Could you retype the whole listing word for word and drop the images?

_Source material_:
----
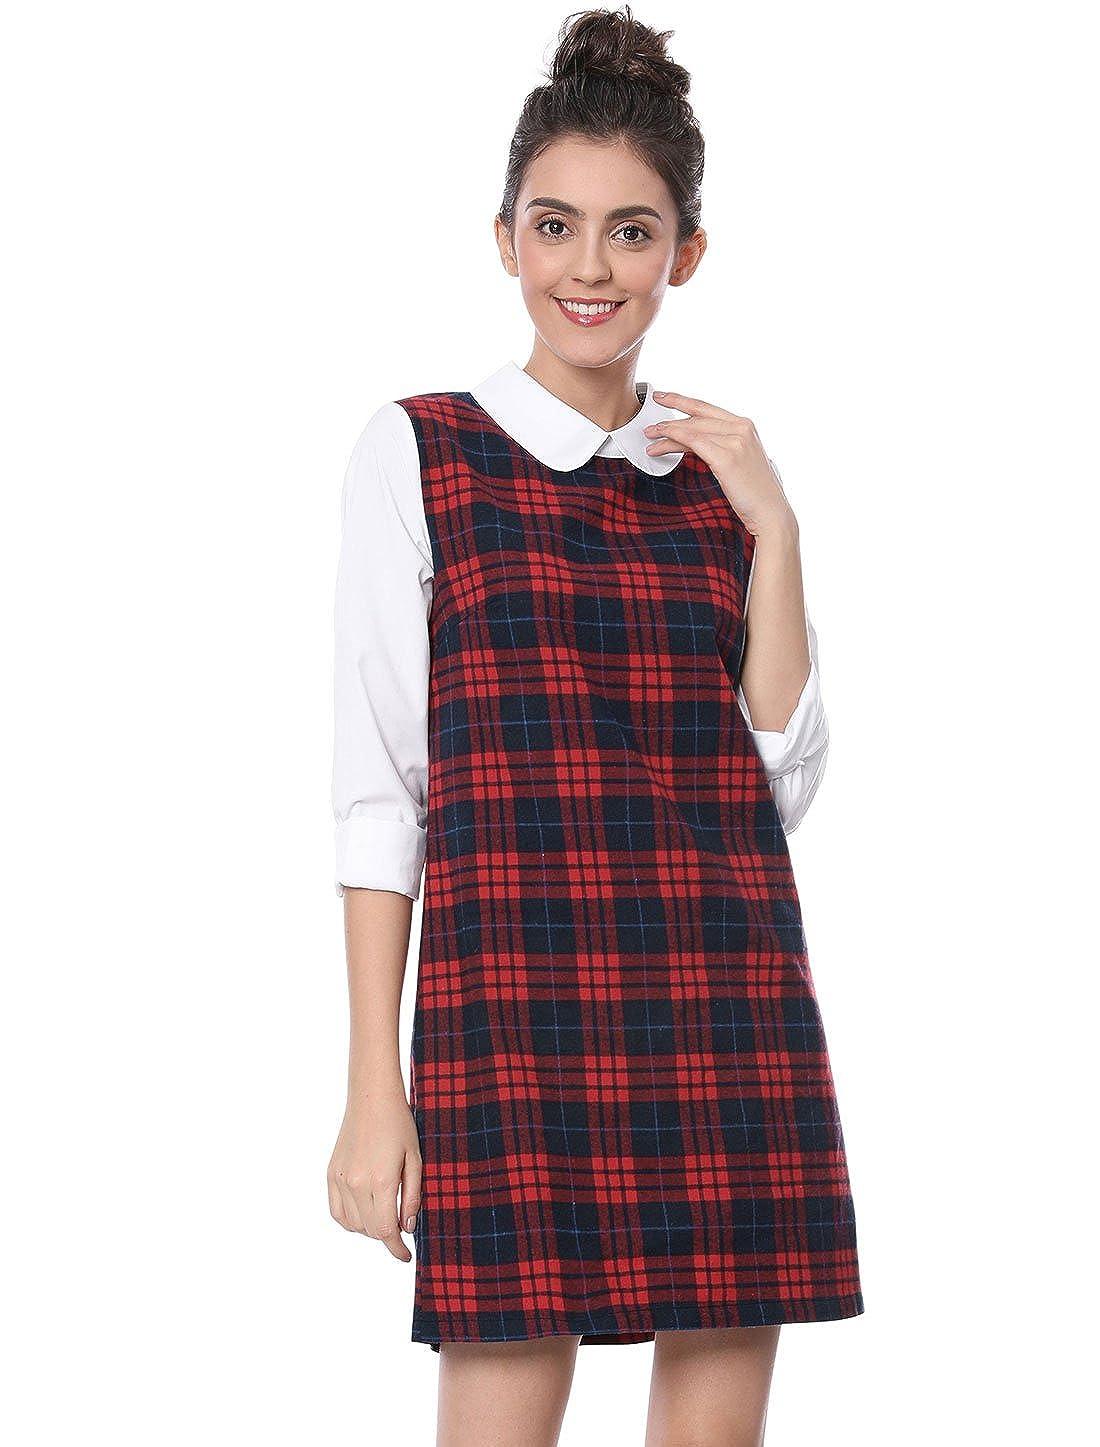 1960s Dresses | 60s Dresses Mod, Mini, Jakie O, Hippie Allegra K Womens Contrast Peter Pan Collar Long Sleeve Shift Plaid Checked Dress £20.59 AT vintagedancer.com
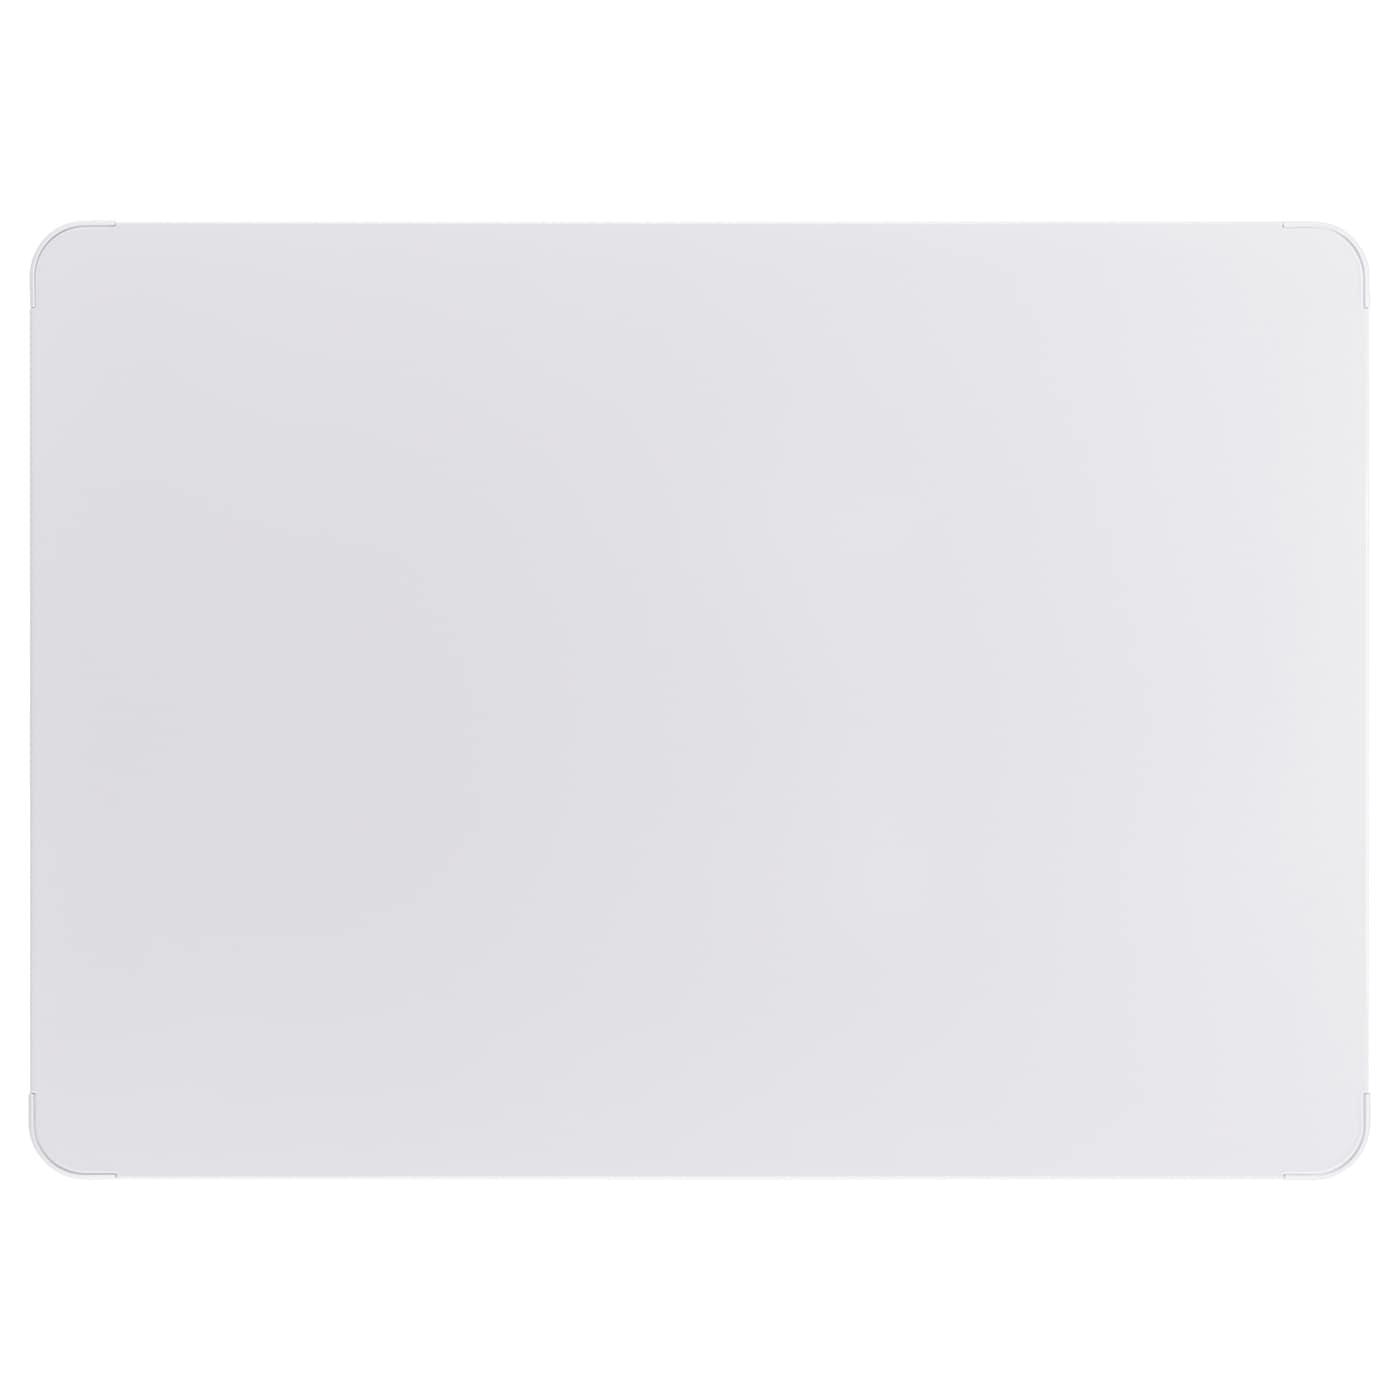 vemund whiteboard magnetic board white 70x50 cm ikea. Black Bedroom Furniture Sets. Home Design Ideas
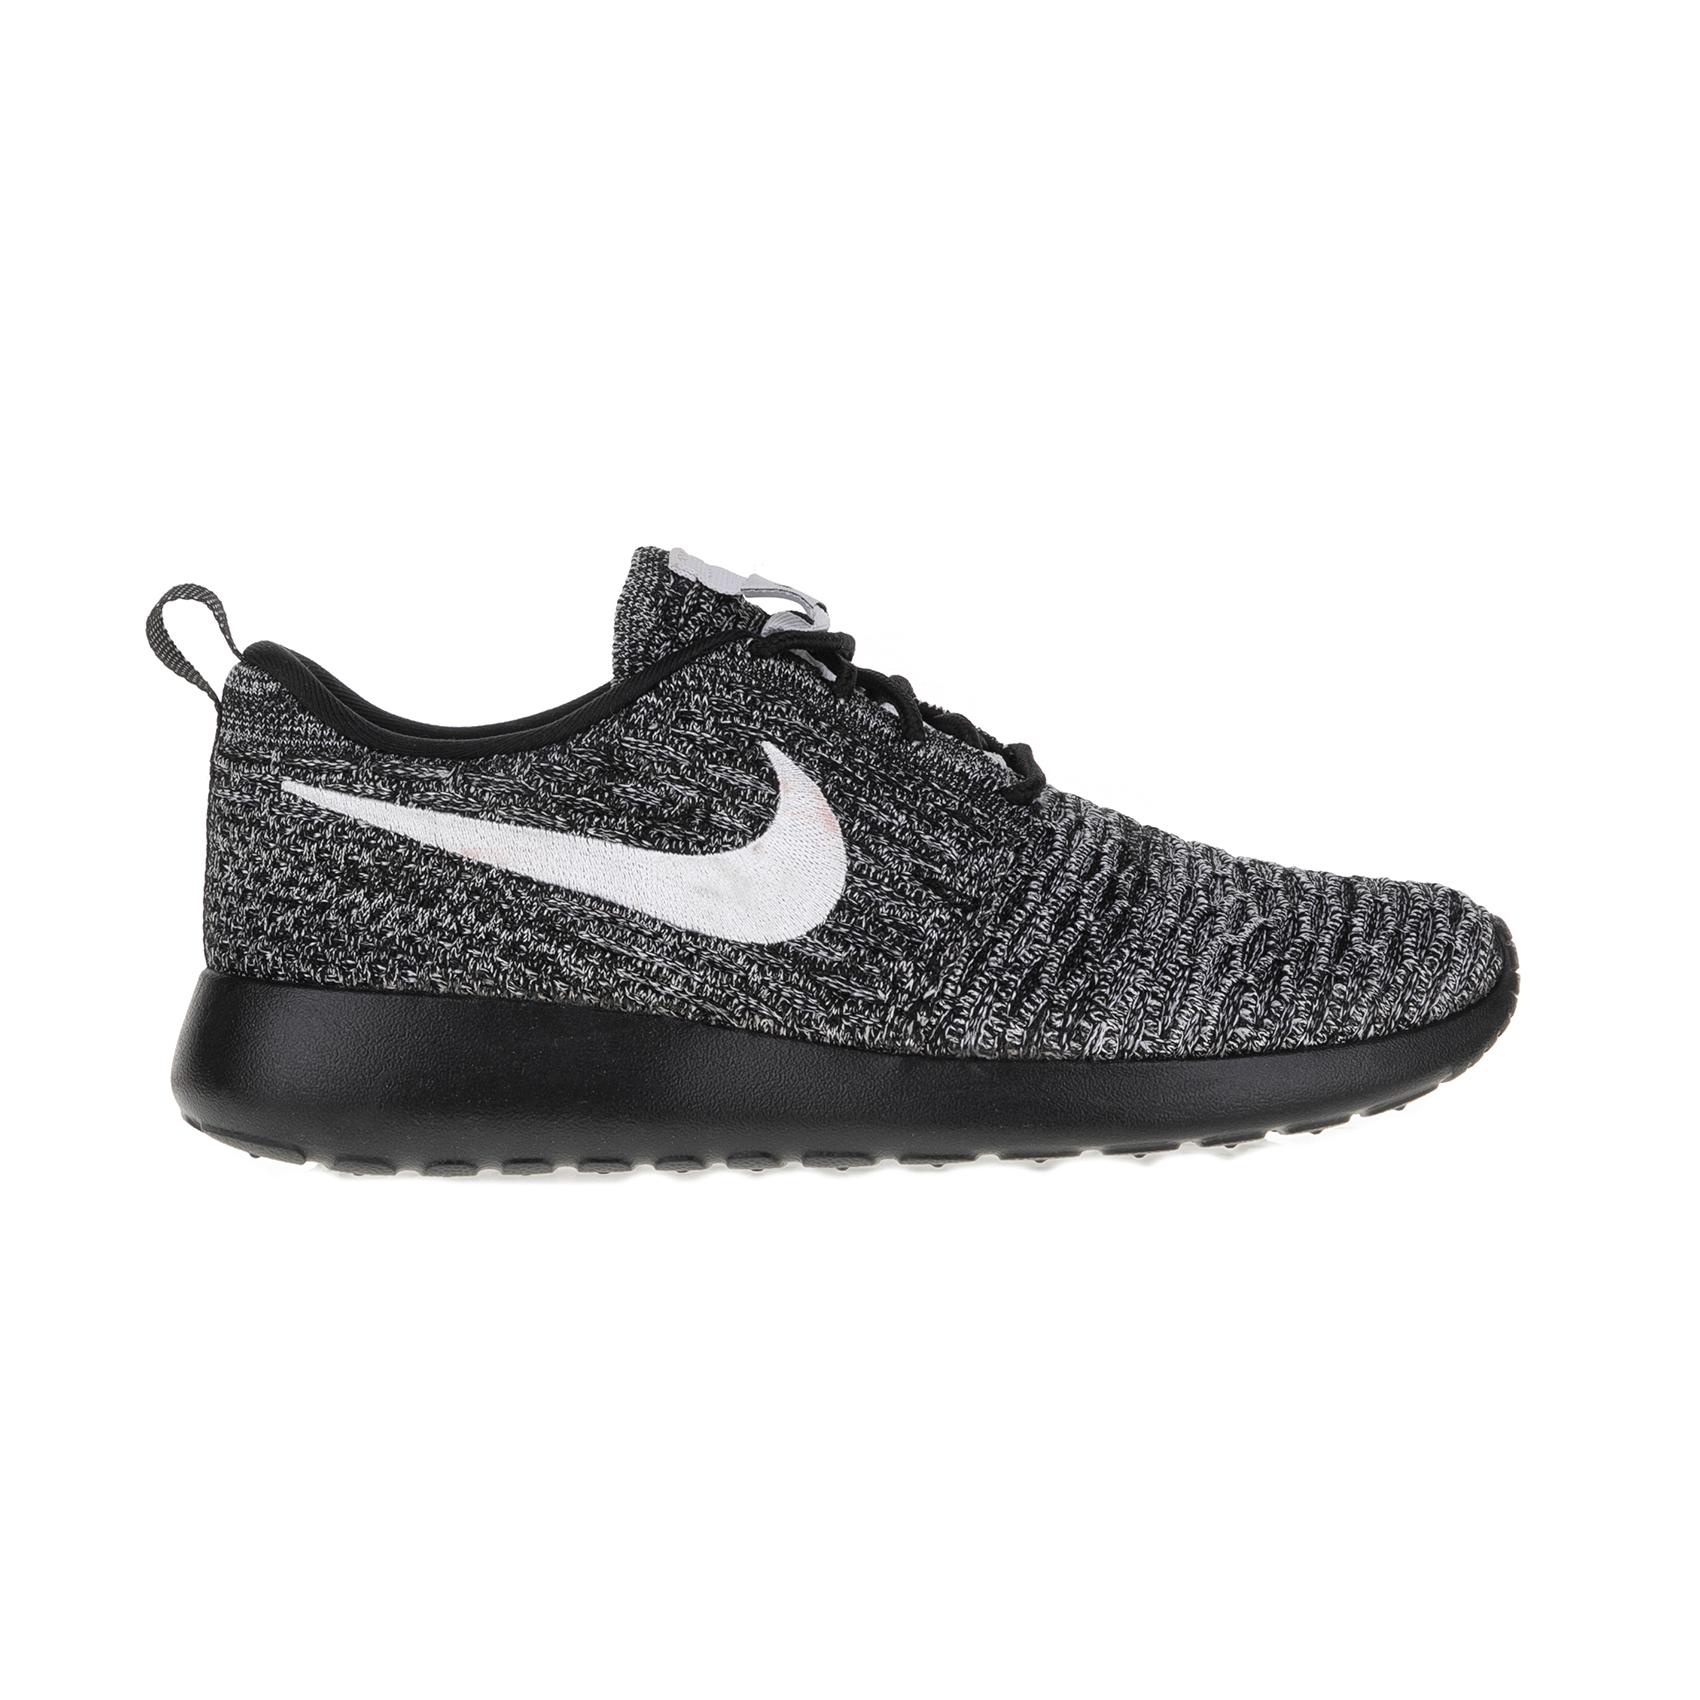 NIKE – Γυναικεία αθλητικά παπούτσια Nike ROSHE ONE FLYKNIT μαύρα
----
_Exercise result_:
 1960s Dresses | 60s Dresses Mod, Mini, Jakie O, Hippie Allegra K Womens Contrast Peter Pan Collar Long Sleeve Shift Plaid Checked Dress £20.59 AT vintagedancer.com
 vemund whiteboard magnetic board white 70x50 cm ikea. Black Bedroom Furniture Sets. Home Design Ideas
 NIKE – Γυναικεία αθλητικά παπούτσια Nike ROSHE ONE FLYKNIT μαύρα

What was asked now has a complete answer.